Signal transduction by phytochrome: phytochromes have a module related to the transmitter modules of bacterial sensor proteins

A C-terminal section of phytochromes turned out to share sequence homologies with the full length of the transmitter modules (about 250 amino acids) of bacterial sensor proteins. Coinciding hydrophobic clusters within the homologous domains imply that the overall folding of the two different types of peptides is similar. Hence, phytochromes appear to possess the structural prerequisites to transmit signals in a way bacterial sensor proteins do. The bacterial sensor proteins are known to be environmental stimuli-regulated kinases belonging to two-component systems. After sensing a stimulus by the N-terminal part of the sensor protein, conformational alterations confer the signal to its (mostly) C-terminal transmitter module which in turn is transitionally autophosphorylated at a conserved histidine. From the histidine the phosphate is transferred to the receiver module of a system-specific regulator protein which eventually acts on transcription or enzyme activity. The histidine is not conserved in phytochromes. Instead, a conserved tyrosine is found spatially very close to the histidine position. This tyrosine might play the role of histidine, and kinase function might be associated with this part of phytochrome. In spite of this divergence, the structural similarities point to a common evolutionary origin of the phytochrome and bacterial modules.
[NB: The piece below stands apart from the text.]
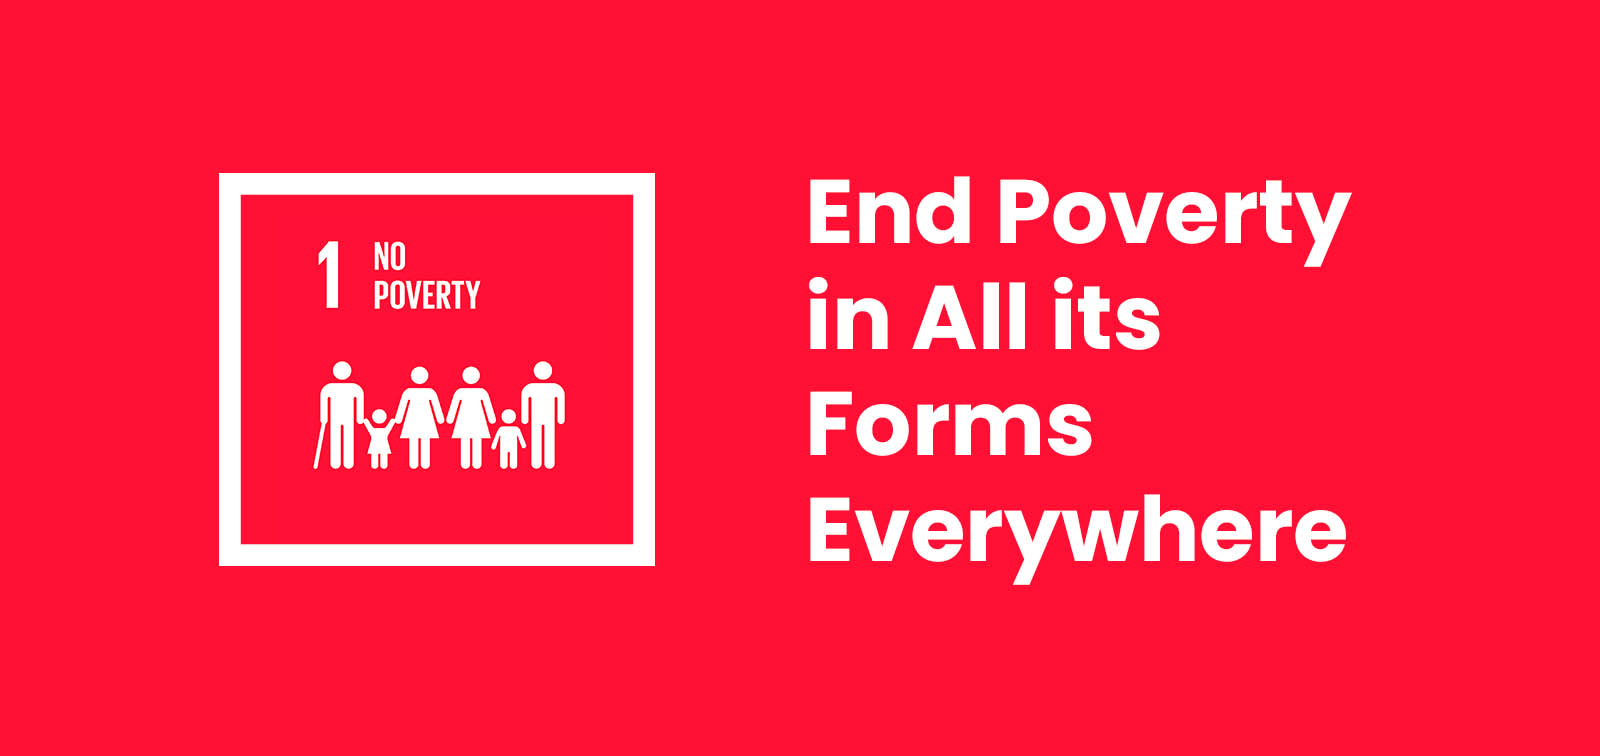 Goal 1: End Poverty in All its Forms Everywhere - Project - ISGLOBAL

Phytochrome a overexpression inhibits hypocotyl elongation in transgenic Arabidopsis

To develop a model plant system for efficient functional analysis of mutagenized phytochrome polypeptides, we have overexpressed oat phytochrome A in Arabidopsis thaliana. R1 seedlings from selfed primary transformants segregated for hypocotyl length, when grown in the light, with a ratio of 3 short to 1 of normal length. When homozygous lines were established from these two size classes, accumulation of immunologically detectable oat phytochrome cosegregated with the short-hypocotyl trait. The short-hypocotyl seedlings contained substantially more spectrally active phytochrome than their normal-sized siblings, indicating that the introduced oat protein was photoreversible. The short-hypocotyl phenotype was strictly light-dependent, since no morphological effects of phytochrome overexpression could be seen in etiolated seedlings. Overexpression of only the chromophore-bearing, N-terminal domain of phytochrome A did not induce short hypocotyls in light-grown seedlings, indicating that additional sequence is essential for photoreceptor function. Similarly, overexpression of a full-length sequence mutated at the chromophore attachment site had no effect on phenotype, indicating the absence of any detectable dominant negative effect of the chromophoreless polypeptide on the activity of endogenous Arabidopsis phytochrome. Thus, the readily scorable short-hypocotyl phenotype of Arabidopsis seedlings overexpressing phytochrome A provides a simple visual assay for rapidly monitoring the biological activity of mutagenized phytochrome A polypeptides.